3. Boys' rooms are usually messy. Girls' rooms are usually messy,
except it's a good-smelling mess.
4. A baby girl will pick up a stick and look in wonderment at what
nature has made. A baby boy will pick up a stick and turn it into a
gun.
5. When girls play with Barbie and Ken dolls, they like to dress them
up and play house with them. When boys play with Barbie and Ken dolls,
they like to tear off their appendages.
6. Boys couldn't care less if their hair is unruly. If their bangs got
cut a quarter-inch too short, girls would rather lock themselves in
their room for two weeks than be seen in public.
7. Baby girls find mommy's makeup and almost instinctively start
painting their face. Baby boys find mommy's makeup and almost
instinctively start painting the walls.
8. If a girl accidently burps, she will be embarrassed. If a boy
accidently burps, he will follow it with a dozen fake belches.
9. Boys grow their fingernails long because they're too lazy to cut
them. Girls grow their fingernails long - not because they look nice -
but because they can dig them into a boy's arm.
10. Girls are attracted to boys, even at an early age. At an early age,
boys are attracted to dirt.
11. By the age of 6, boys will stop giving their dad kisses. By the age
of 6, girls will stop giving their dad kisses unless he bribes them
with candy.
12. Most baby girls talk before boys do. Before boys talk, they learn
how to make machine-gun noises.
13. Girls will cry if someone dies in a movie. Boys will cry if you
turn off the VCR after they've watched "Teenage Mutant Ninja Turtles" movie
three times in a row.
14. Girls turn into women.
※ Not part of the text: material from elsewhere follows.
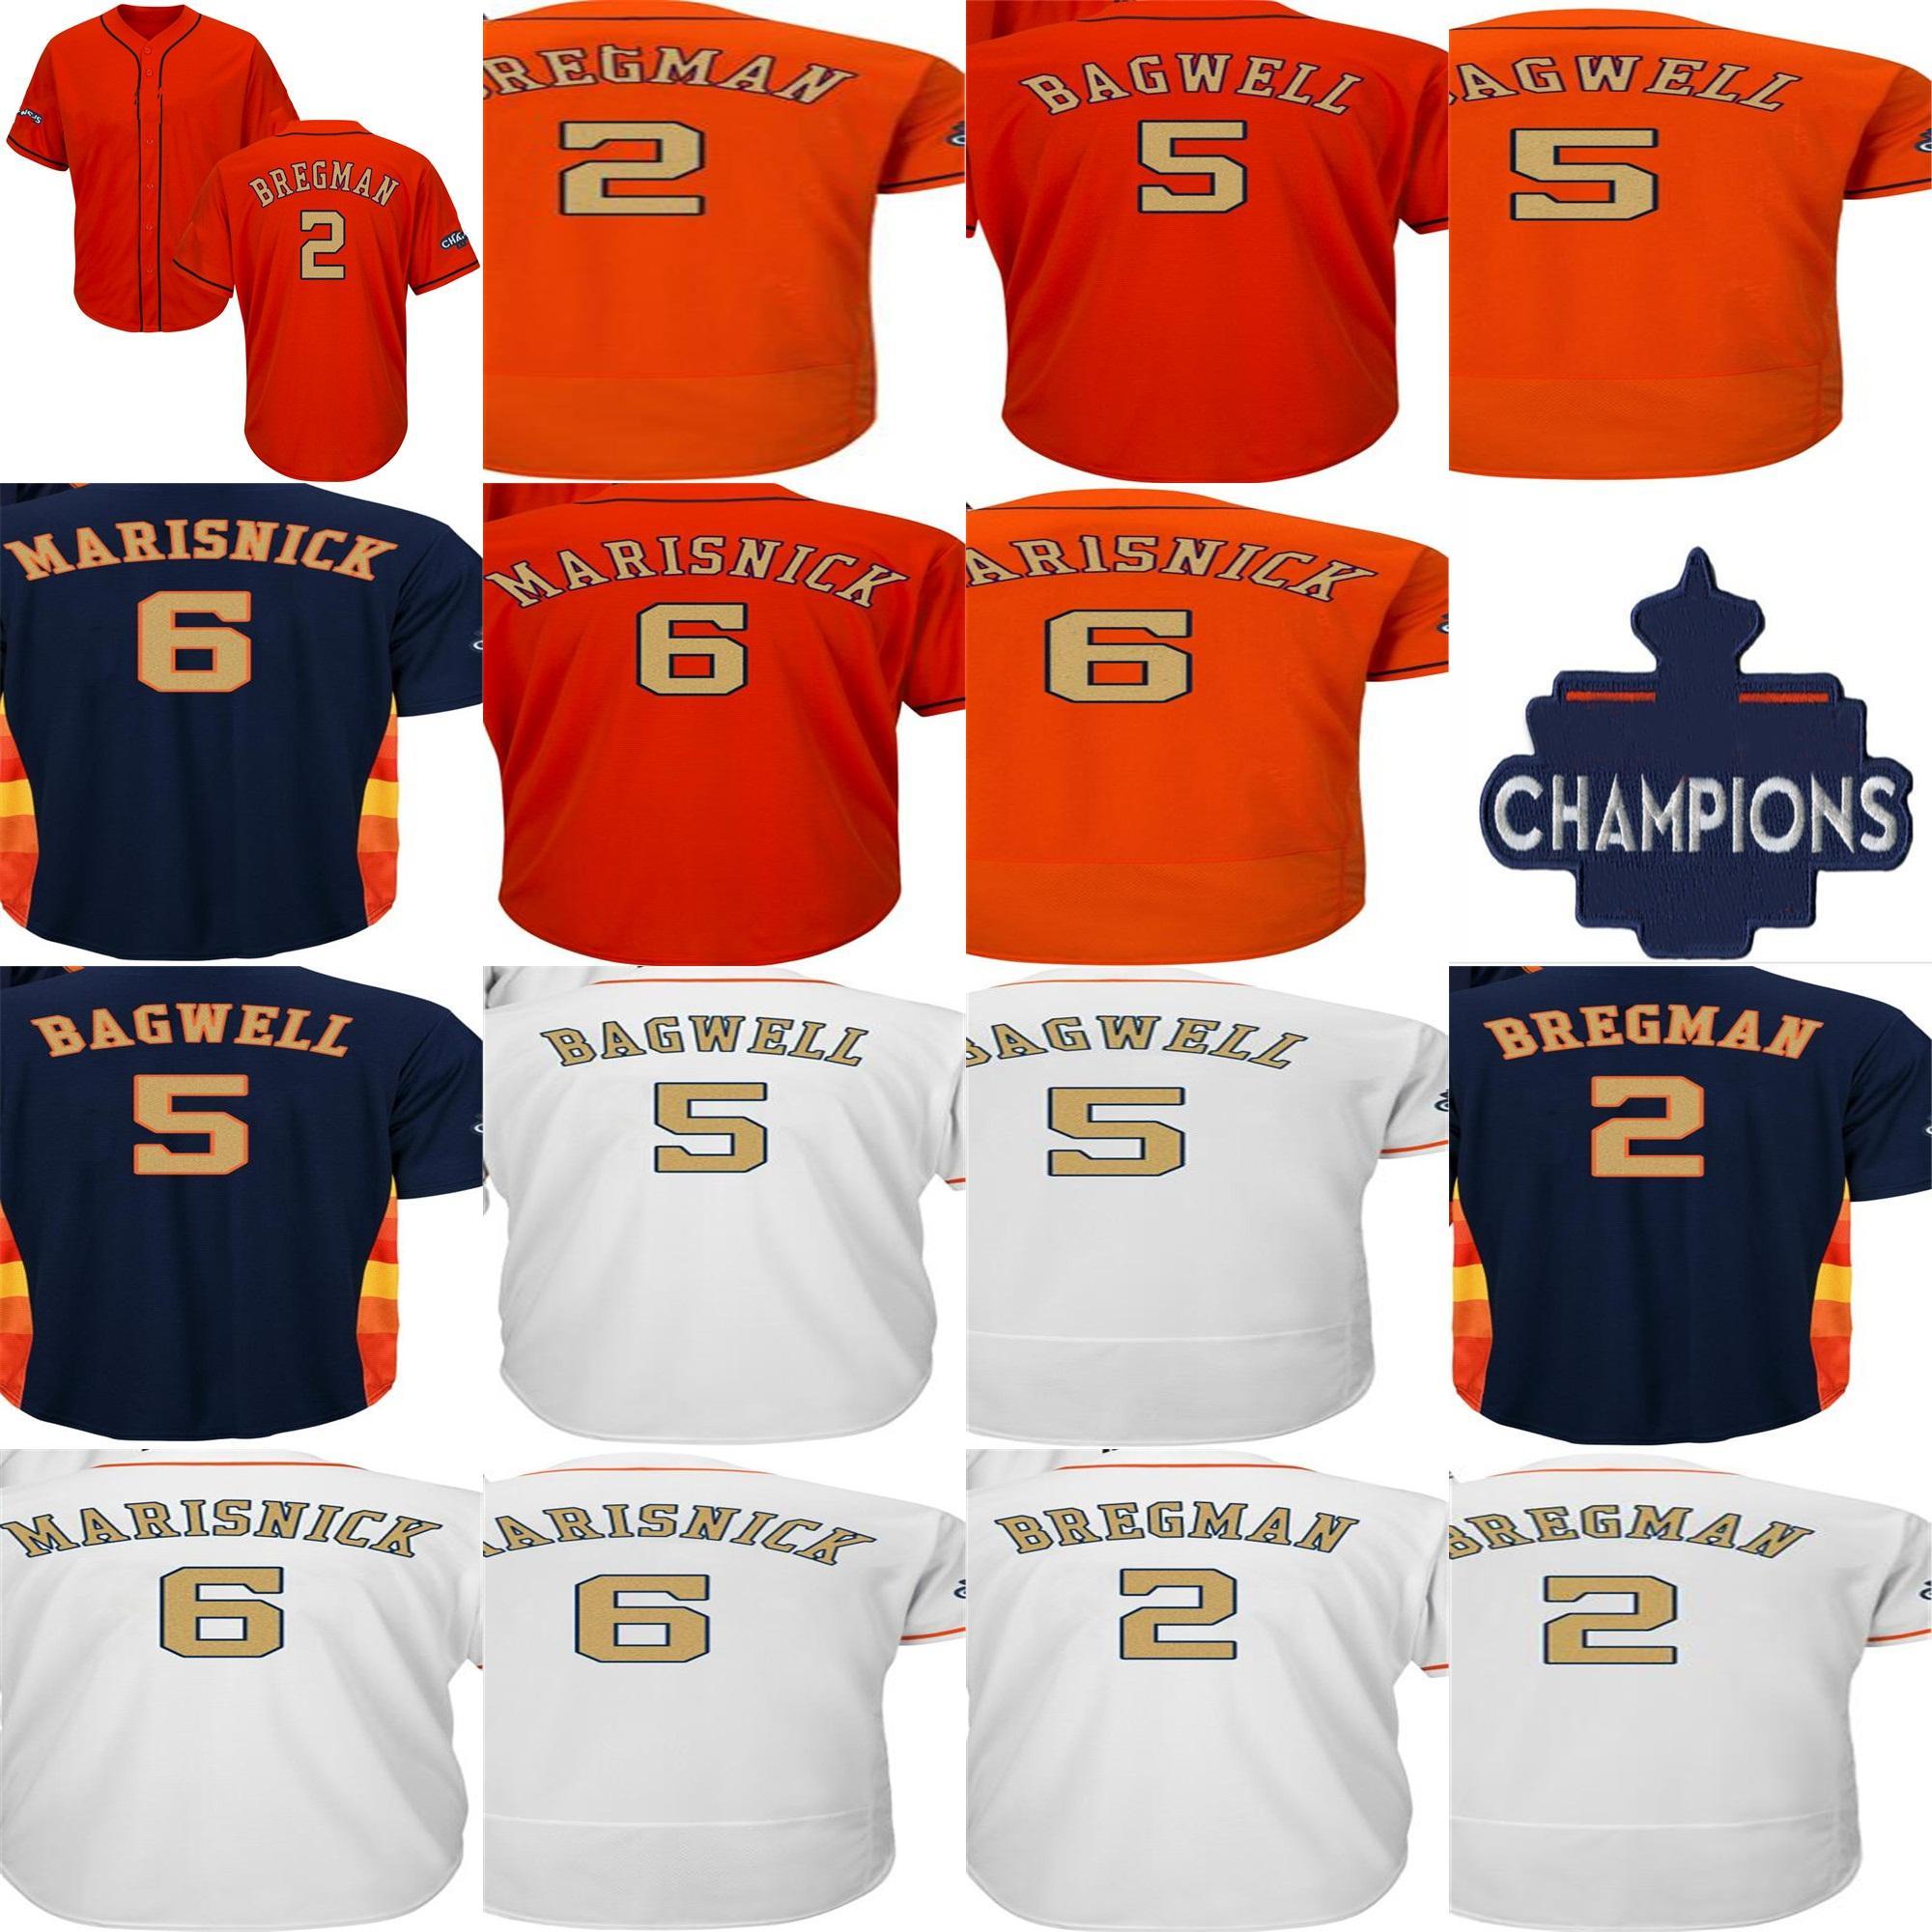 9ce559d4e Alex Bregman 5 Jeff Bagwell 6 Jake Marisnick Mens Womens Kids 2018 Gold  Program Houston 2017 WS Champion Patch Cool Flex Baseball Jerseys Sports  Jerseys ...
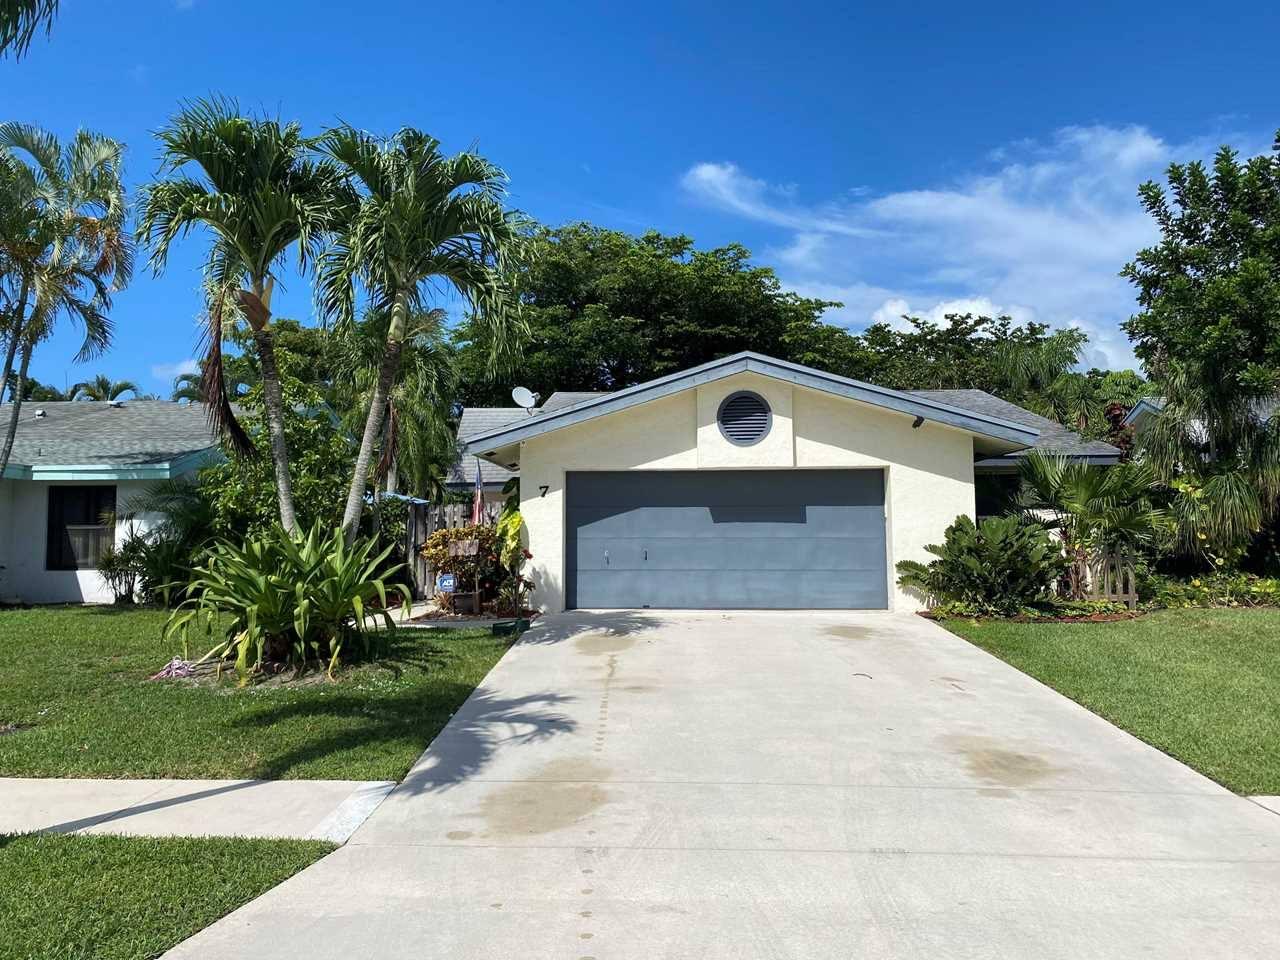 7 Baytree Cir, Boynton Beach, FL 33436 was sold by top Boynton Beach agents in Meadows

Boys turn into bigger boys.
 
 
"Church Announcements"
 
 
From bulletin boards:
 
Ladies Bible Study will be held Thursday morning at 10. All ladies are invited to lunch in the Fellowship Hall
after the B.S. is done.
 
The pastor would appreciate it if the ladies of the congregation would lend him their electric girdles for
the pancake breakfast next Sunday morning.
 
The pastor will preach his farewell message, after which the choir will sing, "Break Forth Into Joy."
 
Remember in prayer the many who are sick of our church and community.
 
The eighth graders will be presenting Shakespeare's Hamlet in the church basement Friday at 7 p.m.
The congregation is invited to attend this tragedy.
 
Thursday night Potluck Supper. Prayer and medication to follow.
 
Weight Watchers will meet at 7 p.m. at the First Presbyterian Church. Please use large double door
at the side entrance.
 
Don't let worry kill you, the church can help.
 
This being Easter Sunday, we will ask Mrs. Lewis to come forward and lay an egg on the altar.
 
Thursday at 5:00 pm there will be a meeting of the Little Mothers Club. All wishing to become little mothers,
please see the minister.
 
Irving Benson and Jessie Carter were married on October 24 in the church. So ends a friendship that began
in their school days.
 
The ladies of the church have cast off clothing of every kind and they may be seen in the church basement Friday.
 
Announcement in the church bulletin for a National PRAYER & FASTING Conference: "The cost for attending the Fasting and Prayer conference includes meals."
 
The church will host an evening of fine dining, superb entertainment, and gracious hostility.
 
This evening at 7 P.M. there will be a hymn sing in the park across from the Church. Bring a blanket and come prepared to sin.
 
"Ladies, don't forget the rummage sale. It's a chance to get rid of those things not worth keeping around the house. Don't forget your husbands."